Your objective
Set the listing down exactly; no pictures.

Available data
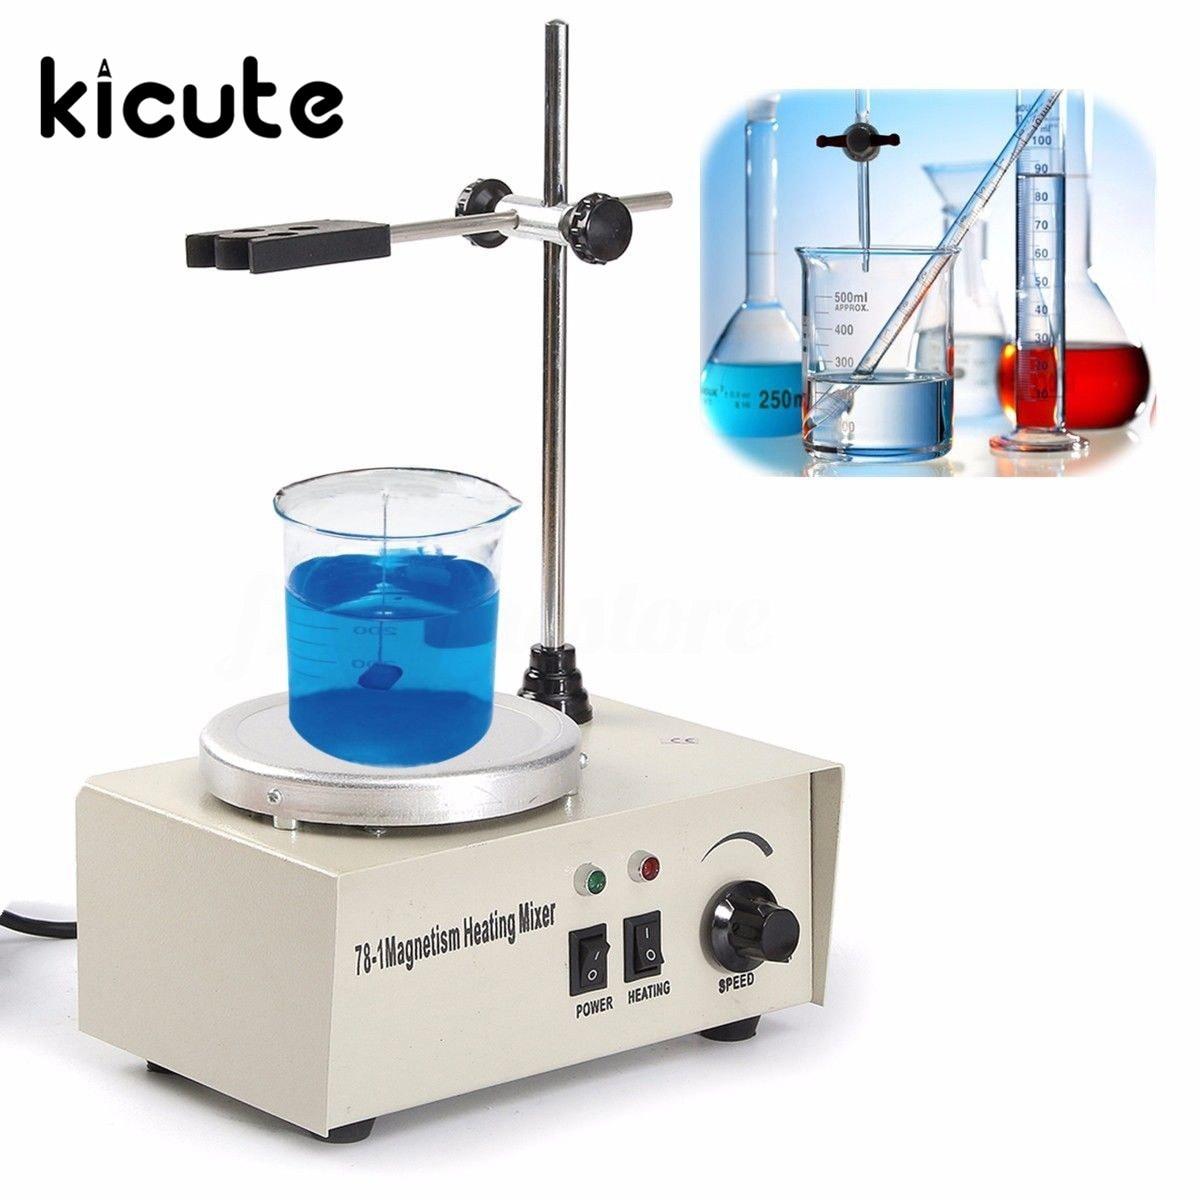 220V 150W 1000ML Magnetic Stirrer Mixer Machine Heating 78-1 Hot Plate Medical Laboratory Tool цена
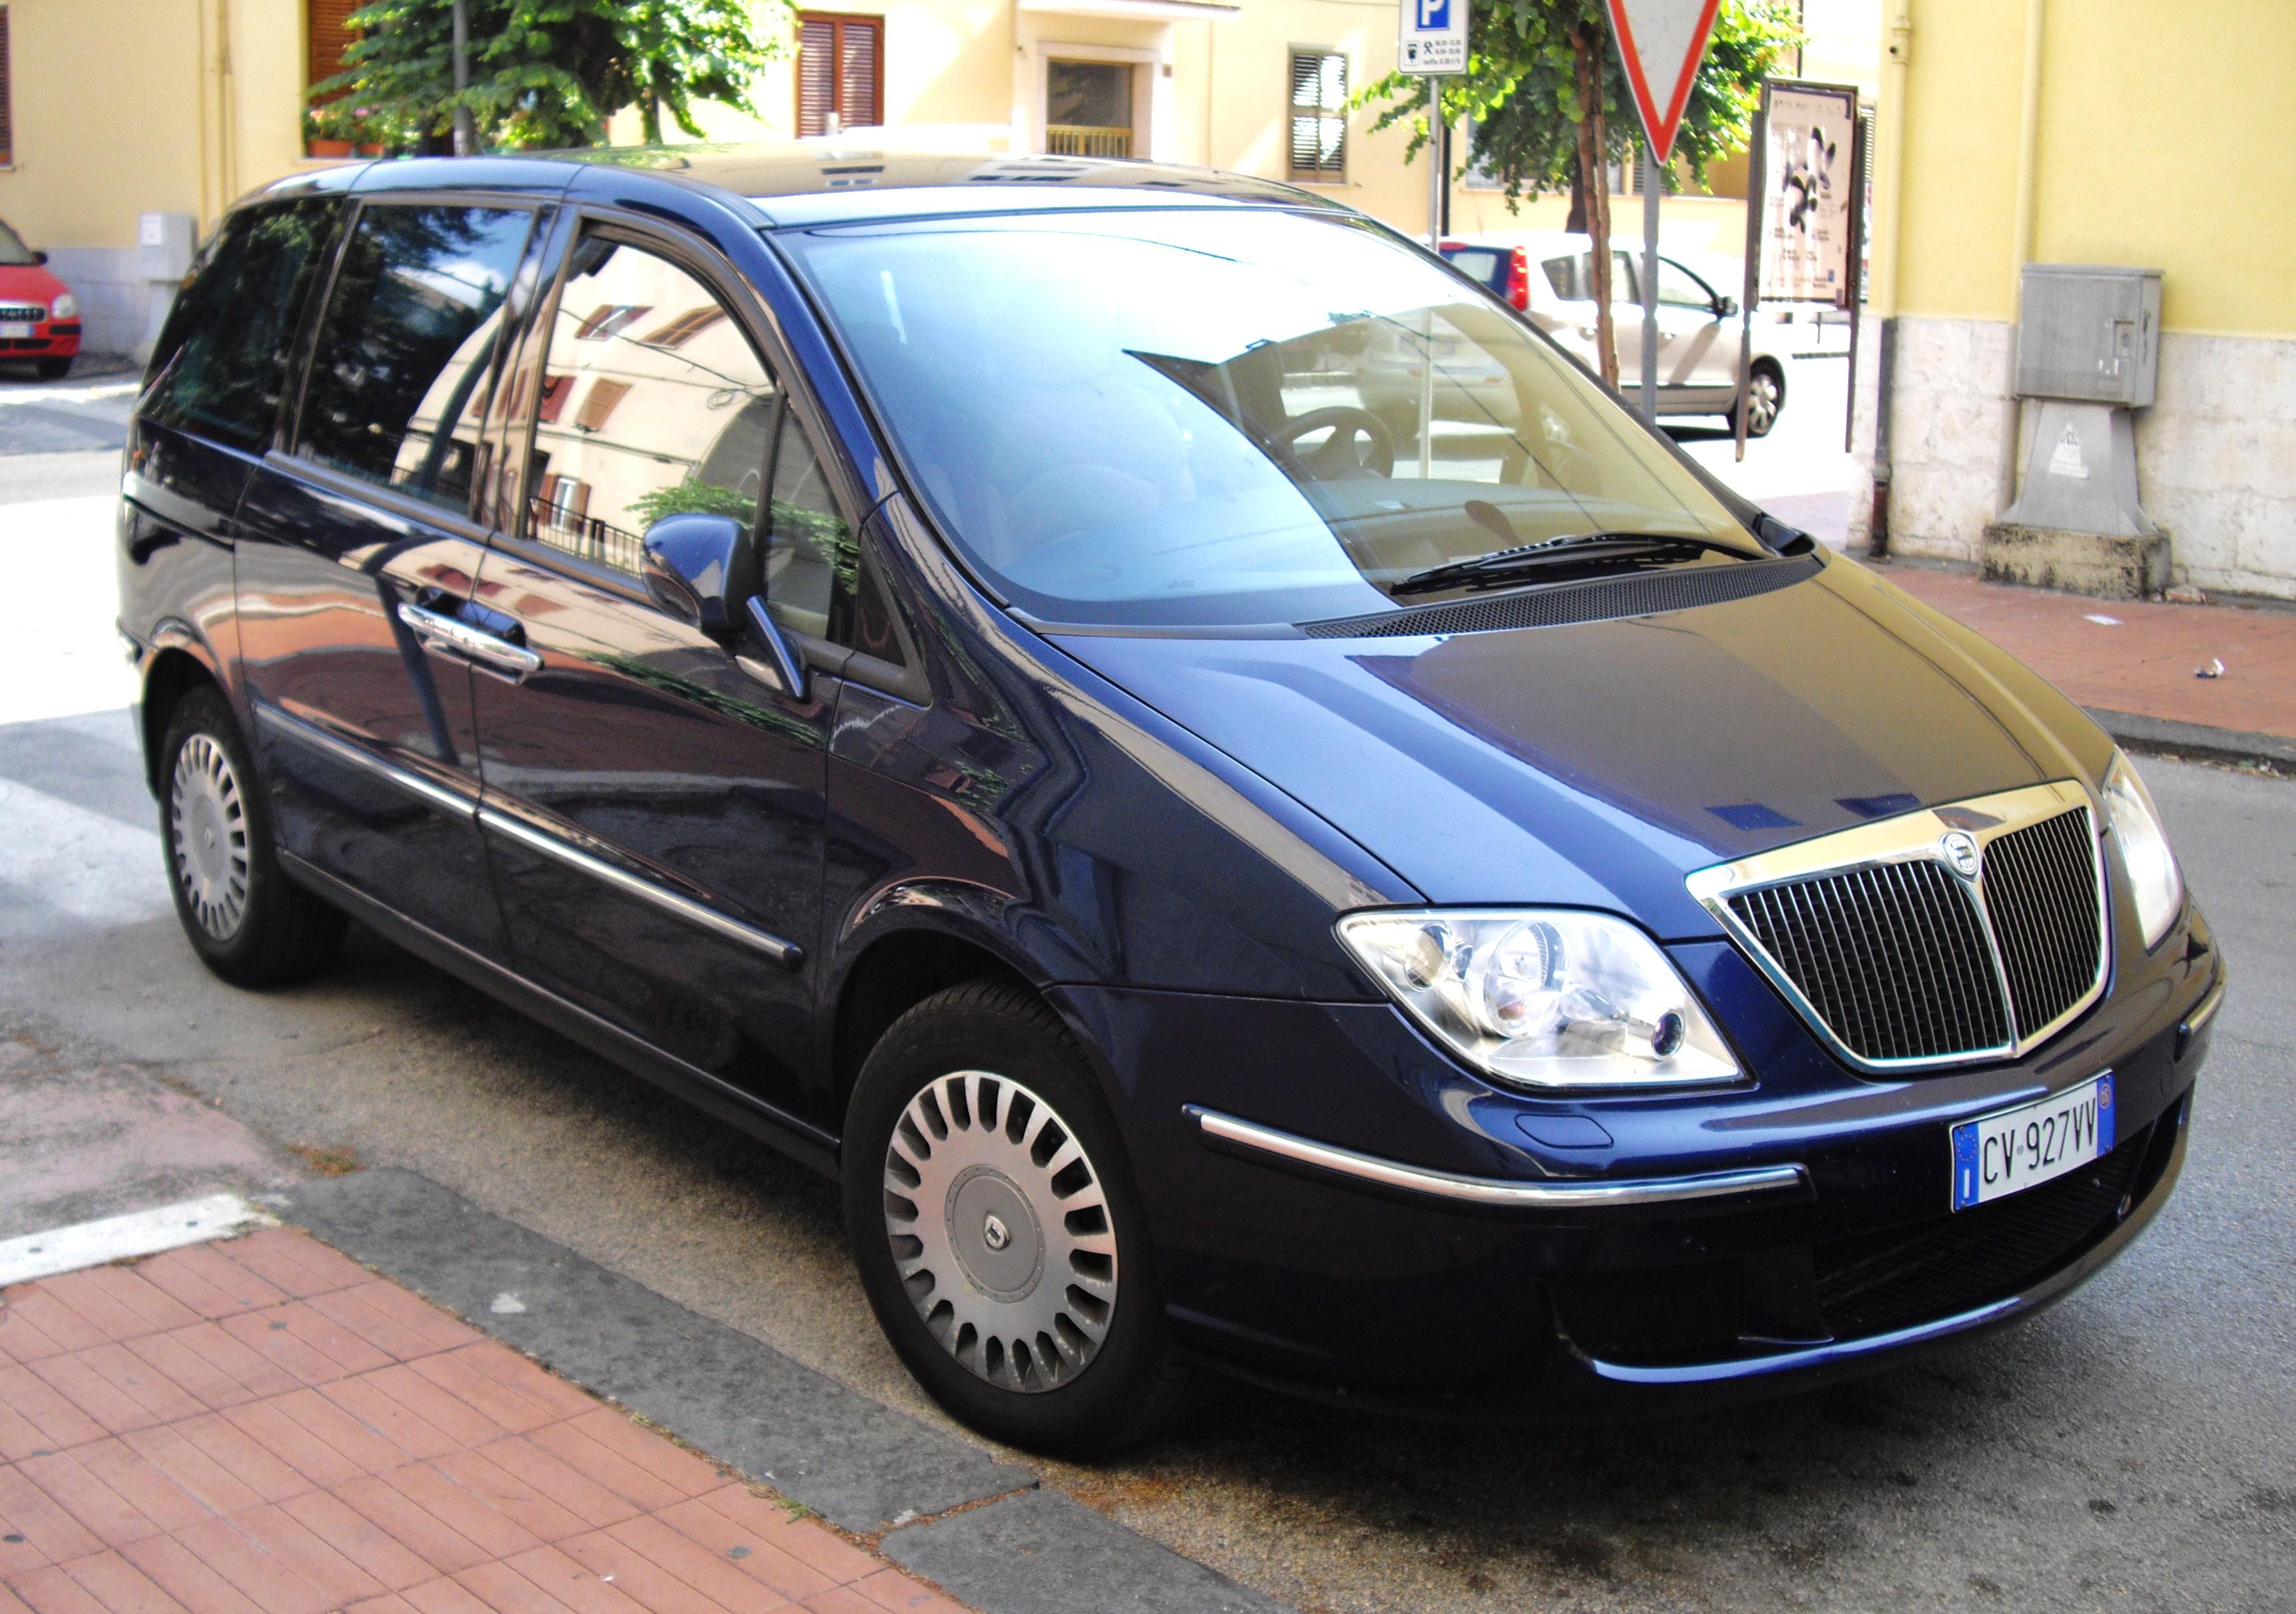 https://upload.wikimedia.org/wikipedia/commons/7/7e/2005_Lancia_Phedra_2.0_JTD.JPG
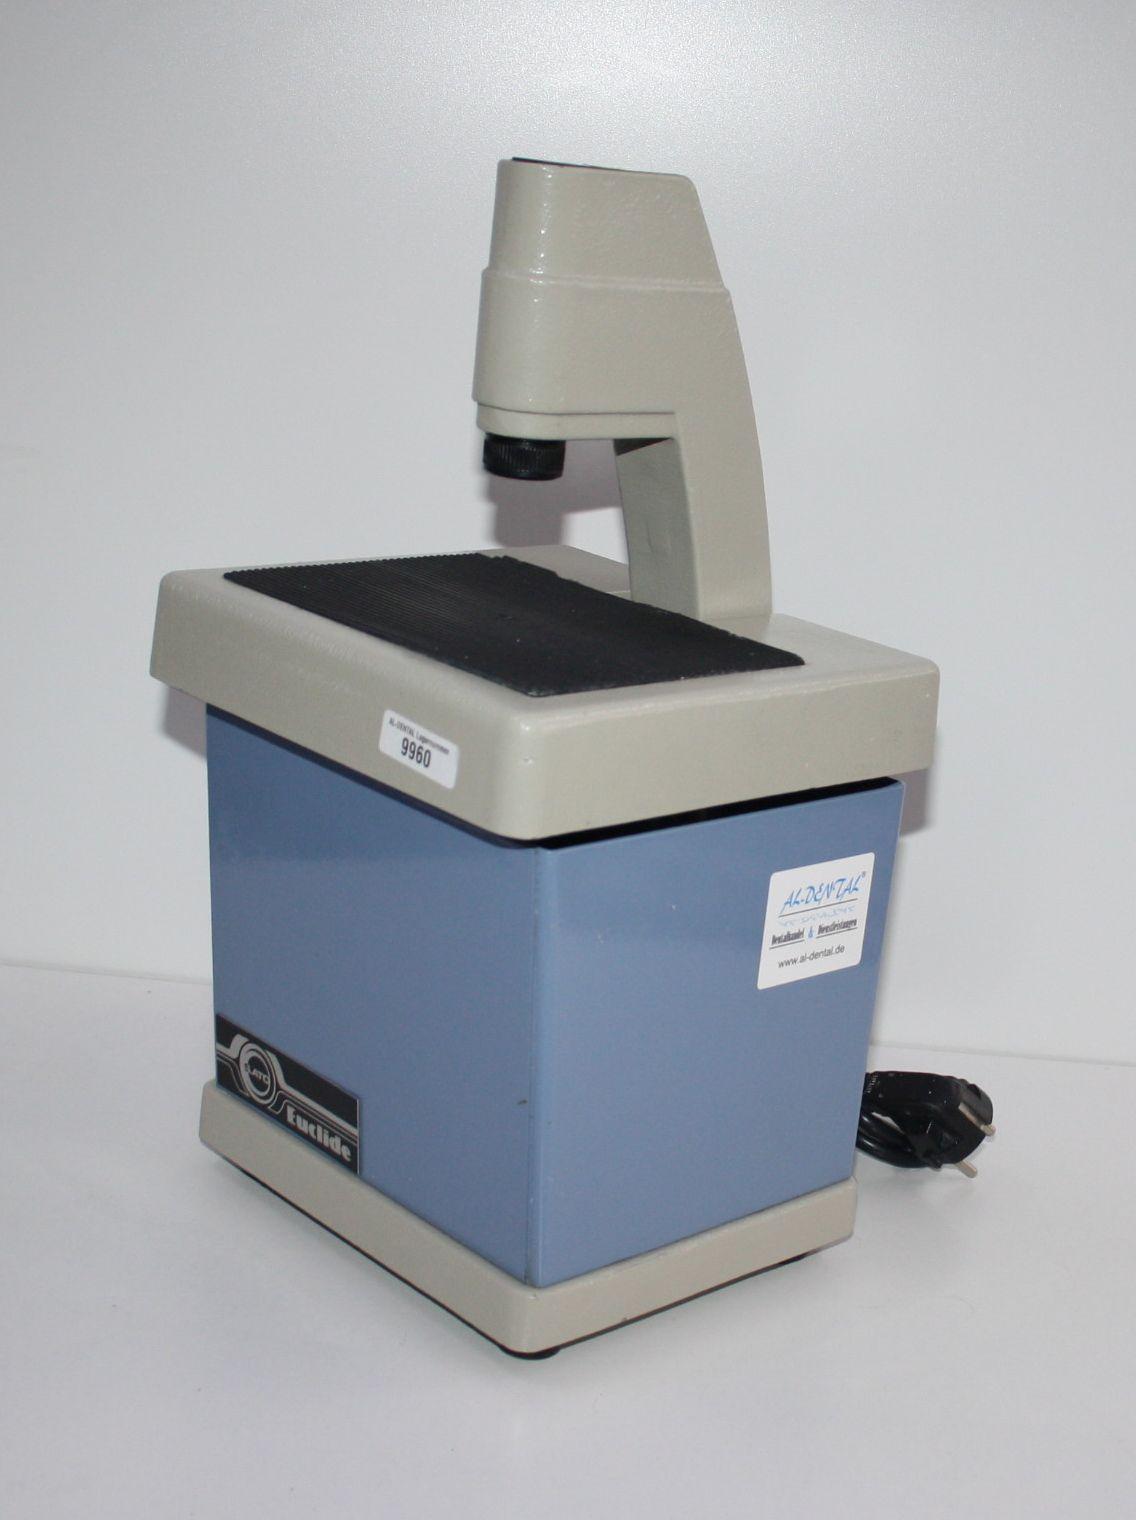 SATO Euclide Laserpinbohrgerät # 9960
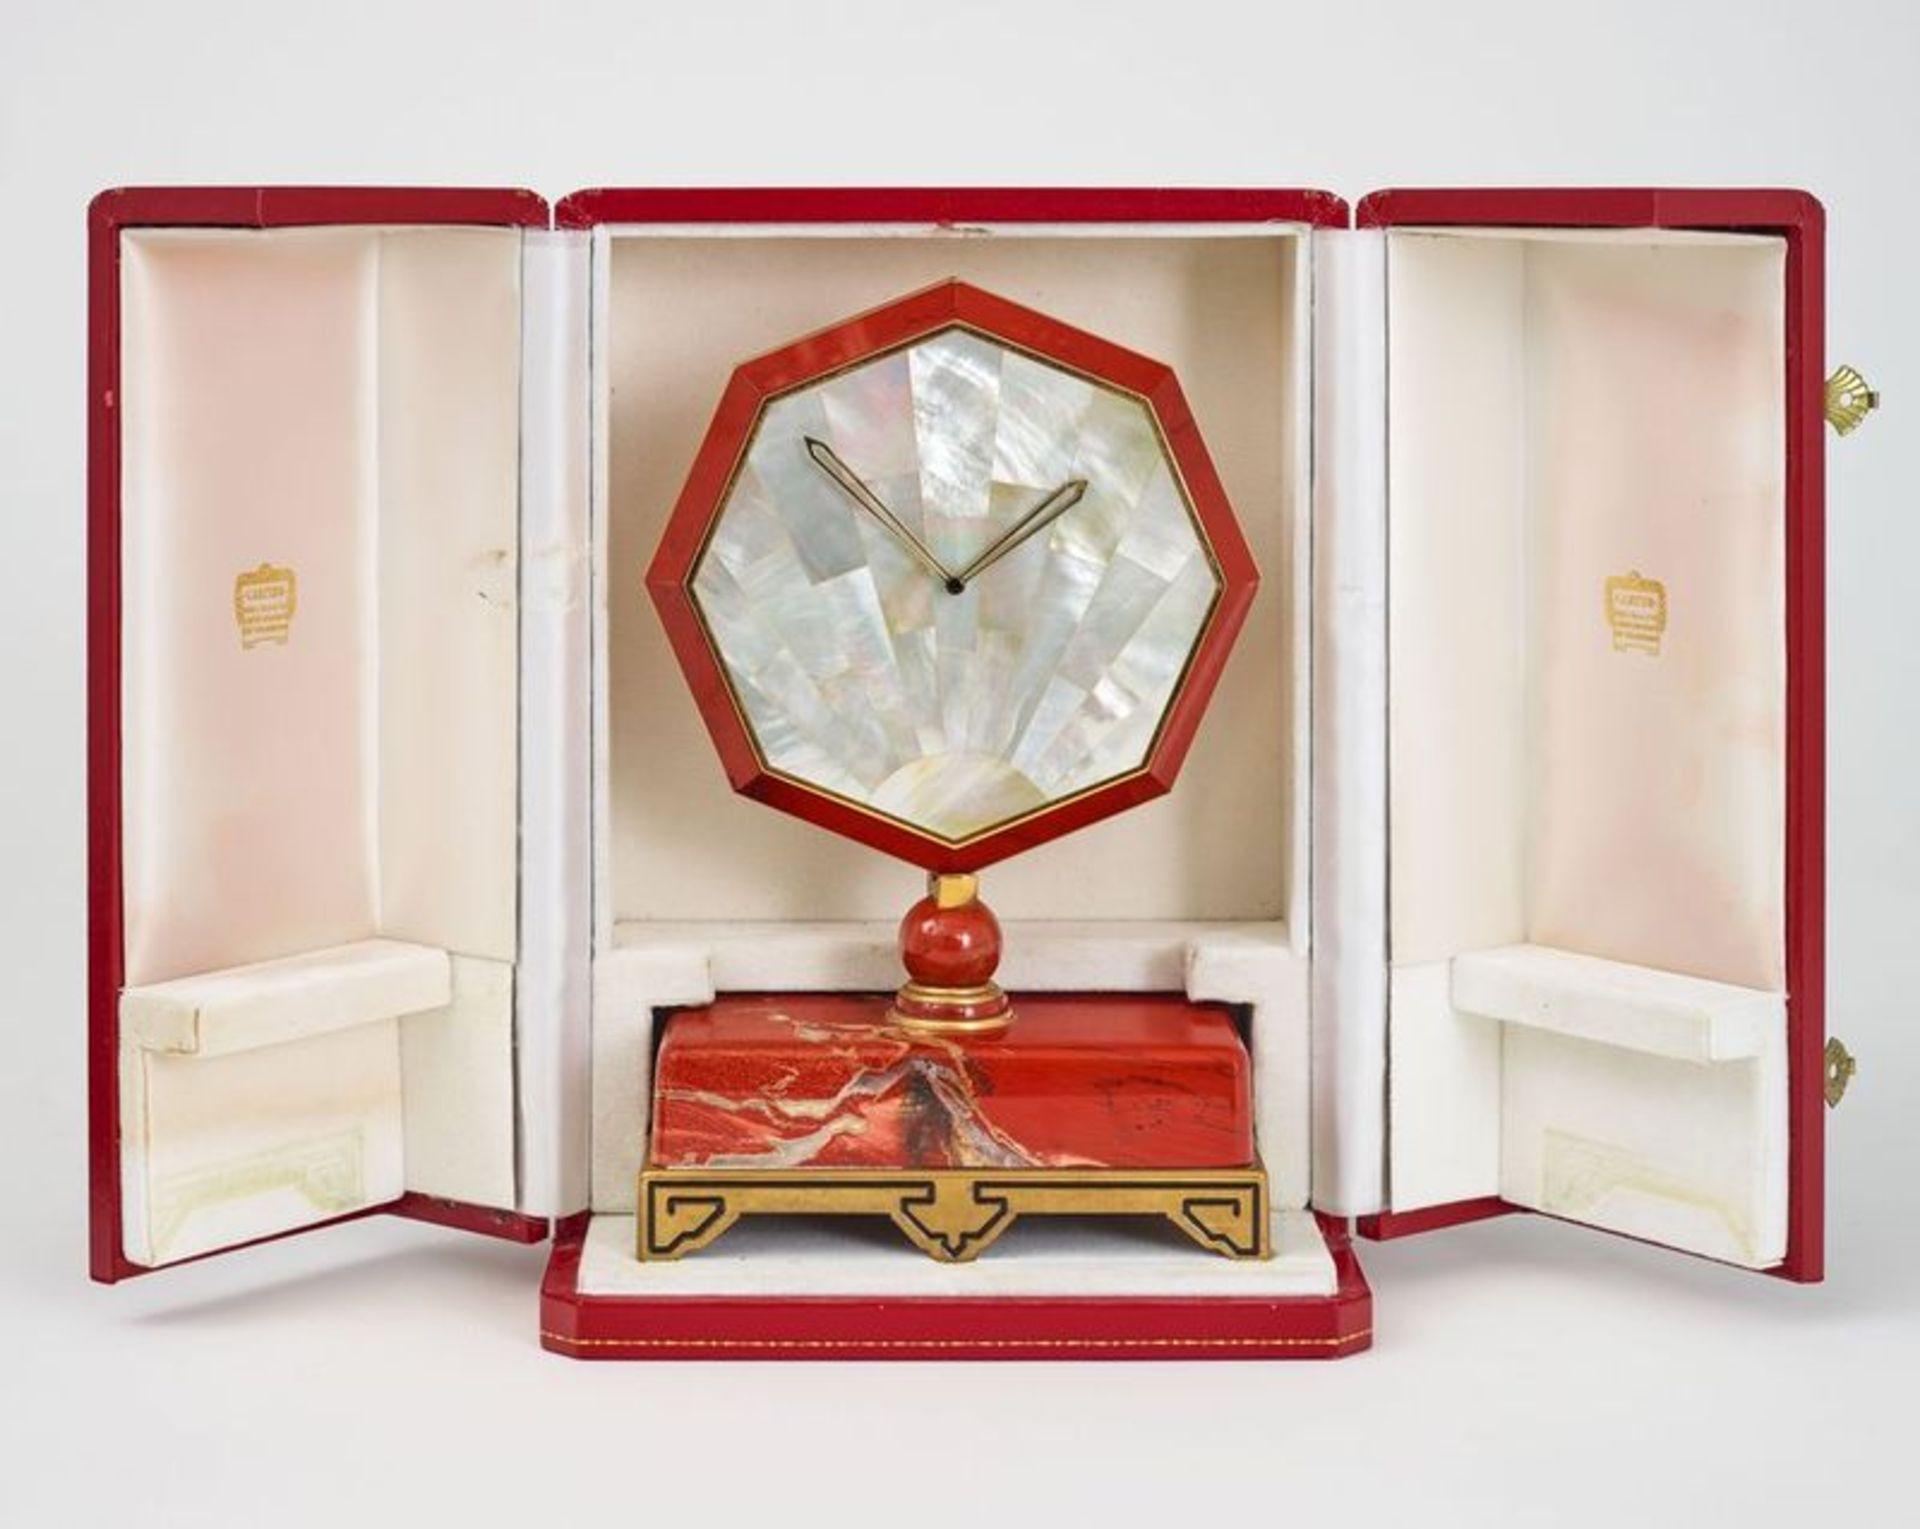 ART DECO STYLE TABLE CLOCK, CARTIER PARIS, 1980 - Rare and elegant Art Deco [...]

Solution to the exercise
 220V 150W 1000ML Magnetic Stirrer Mixer Machine Heating 78-1 Hot Plate Medical Laboratory Tool цена
 https://upload.wikimedia.org/wikipedia/commons/7/7e/2005_Lancia_Phedra_2.0_JTD.JPG
 SATO Euclide Laserpinbohrgerät # 9960
 ART DECO STYLE TABLE CLOCK, CARTIER PARIS, 1980 - Rare and elegant Art Deco [...]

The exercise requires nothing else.